**Goal**: To find the counts of species not represented across all orthologous regions. Reason species are not represented in a given region include:
* The motif is too short
* The sequence ended
* The score is below the threshold of 7

**Methodology**: Import the data from csv. Iterating through all elements with the same region, extract species that have TFBS == yes into a list and compare the list to a list of all species in the region. Find the species included in the original list but not in the TFBS list. These are the species that are not represented in the orthologous region by our threshold of score == 7. Use this method across every region and tally the species when they are not represented. 

In [16]:
import numpy as np

In [2]:
import pandas as pd
#This is just a quick check to make sure my code works. Orth and Original are taken from region VT15159. I confirmed that the 
#output of this cell is consistent with my manual check of the species not contained in the original list.

orth = pd.read_csv("data/orth.csv") 
original = pd.read_csv("data/original.csv") 
[i for i in original["species"] if i not in list(orth["species"])]

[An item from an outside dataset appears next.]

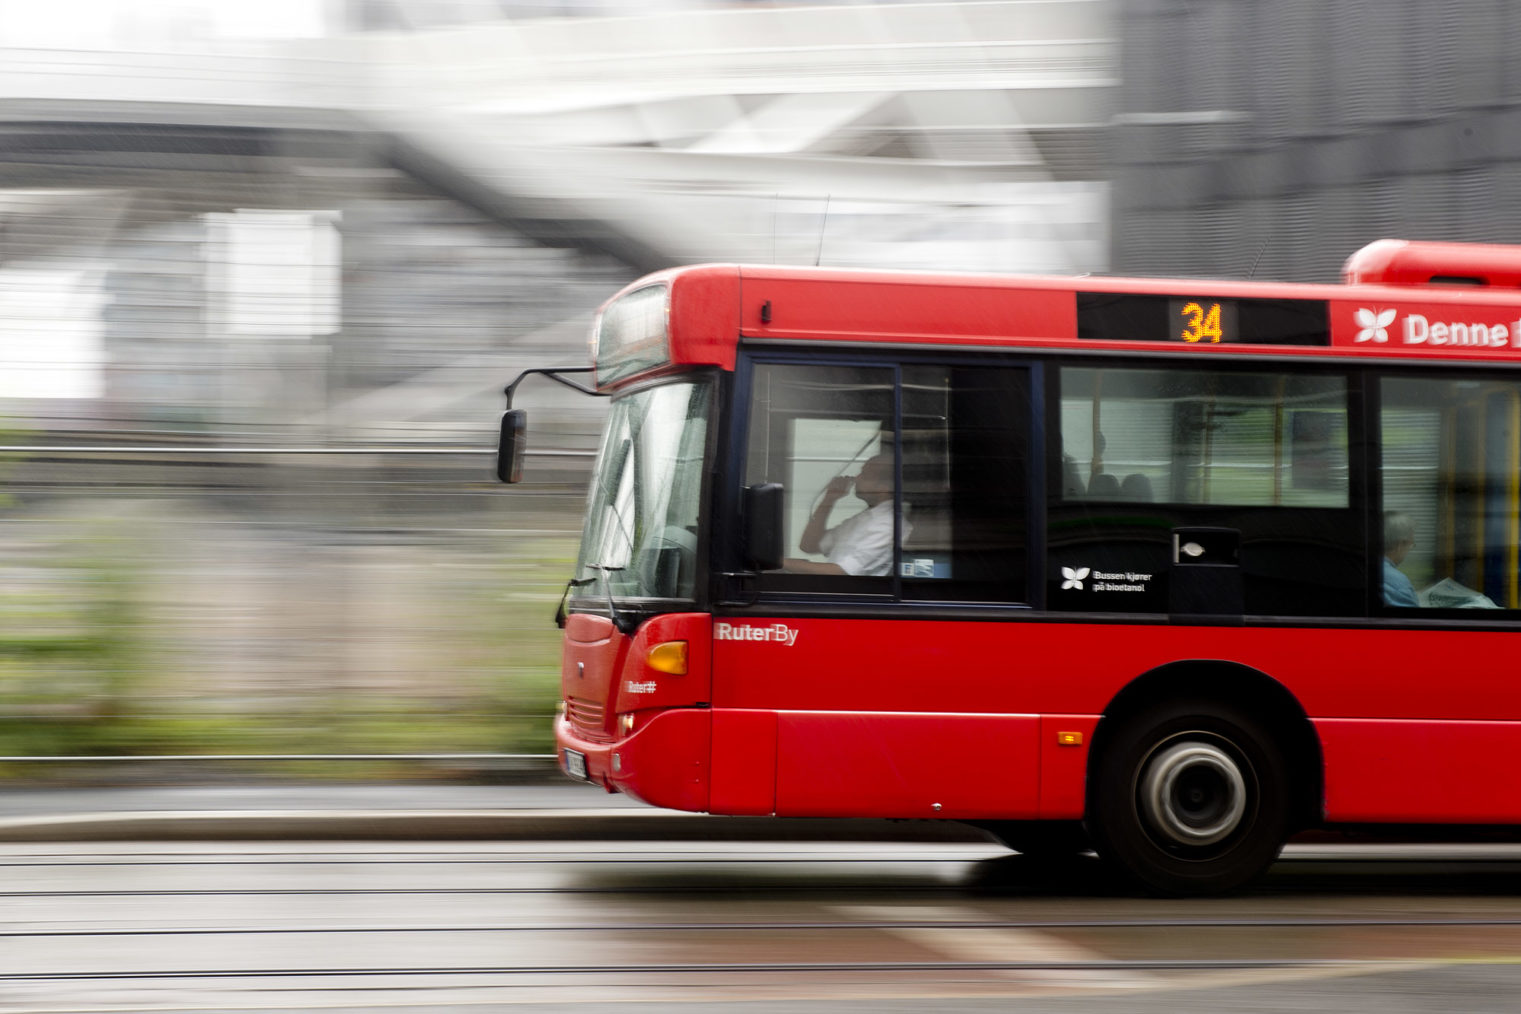 Bilde av rød «Oslo-buss» i fart.

['MEMB002F', 'MEMB004B', 'MEMB004E', 'MEMB005D', 'MEMB006A', 'MEMB006C']

In [4]:
data = pd.read_csv("data/all_data_bcd_2019_10_01_after_QC.csv")
data.head()

Unnamed: 0,strand,align_position,score,region,enhancer_func,species,raw_position,raw_seq,before_seq,after_seq,TFBS_called
0,positive,972,-8.157841,VT14010,0,MEMB002A,376,CAACCT,AATTGC,AGCAAT,no
1,positive,972,-0.436742,VT14010,0,MEMB002B,375,CAATCT,AATTGC,AGCAAT,no
2,positive,972,-8.157841,VT14010,0,MEMB002C,376,CAACCT,AATTGC,AGCAAT,no
3,positive,972,7.351161,VT14010,0,MEMB002D,376,TAATCT,AATTGC,AGCAAT,yes
4,positive,972,3.891729,VT14010,0,MEMB002E,376,TAATCG,AATAGC,AGCTAT,no


In [6]:
#The number of unique regions. We have to iterate through all 2264 of them in order to find the tallies of non-represented
#species
unique_regions = data["region"].unique()
len(unique_regions)

2264

In [7]:
not_included = {} #This dictionary will contain the tally of non-represented species
for region in unique_regions:
    temp = data[data["region"] == region] #filter the data to get elements in that specific region
    temp_tfbs = temp[temp["TFBS_called"] == "yes"] #filter temp to get rows corresponding to TFBS
    orth = temp_tfbs["species"].unique() #get unique species from TFBS == yes rows
    original = temp["species"].unique() #get unique species from the entire region

#if a species is in the region but not represented in the orthologous region, increase its tally by one
    for i in original:
        if i not in orth:
            if i not in not_included:
                not_included[i] = 0
            else:
                not_included[i] += 1

In [8]:
#sort the dictionary in increasing order to find the most and least represented species
sorted(not_included.items(), key=lambda kv: kv[1])

[('MEMB006B', 405),
 ('MEMB003B', 410),
 ('MEMB007C', 416),
 ('MEMB006A', 420),
 ('MEMB002D', 427),
 ('MEMB002E', 431),
 ('MEMB003D', 433),
 ('MEMB003F', 433),
 ('MEMB004B', 434),
 ('MEMB005D', 434),
 ('MEMB005B', 437),
 ('MEMB003A', 438),
 ('MEMB007D', 440),
 ('dkik', 440),
 ('MEMB006C', 443),
 ('MEMB002B', 445),
 ('MEMB004E', 445),
 ('MEMB008C', 456),
 ('MEMB002C', 457),
 ('MEMB007B', 460),
 ('MEMB004A', 464),
 ('MEMB002A', 466),
 ('MEMB003C', 473),
 ('MEMB002F', 478)]

In [21]:
print("Total tally of non-representation: ", sum(not_included.values()))
print("Percentage of total database: ", sum(not_included.values()) / len(data))
avg = sum(not_included.values()) / len(not_included)
print("Average count of non-representation: ", avg)
print("Average percentage of non-represented regions: ", avg / len(unique_regions))

Total tally of non-representation:  10585
Percentage of total database:  0.0264524480697335
Average count of non-representation:  441.0416666666667
Average percentage of non-represented regions:  0.1948063898704358


**Conclusion**: We can observe that all species are pretty much evenly non-represented, with a range of 73. The least represented species is MEMB002F with a tally of 478 (which corresponds to 21% of all regions) and the most represented species is MEMB006B with a tally of 405 (which corresponds to 17% of all regions).  The total number of times a species is not represented is 10585, which is roughly 2% of our entire database. This is pretty low, and an indicator that our scoring system is working well. However on average, species are not represented in roughly 19% of regions. Can this number be lower?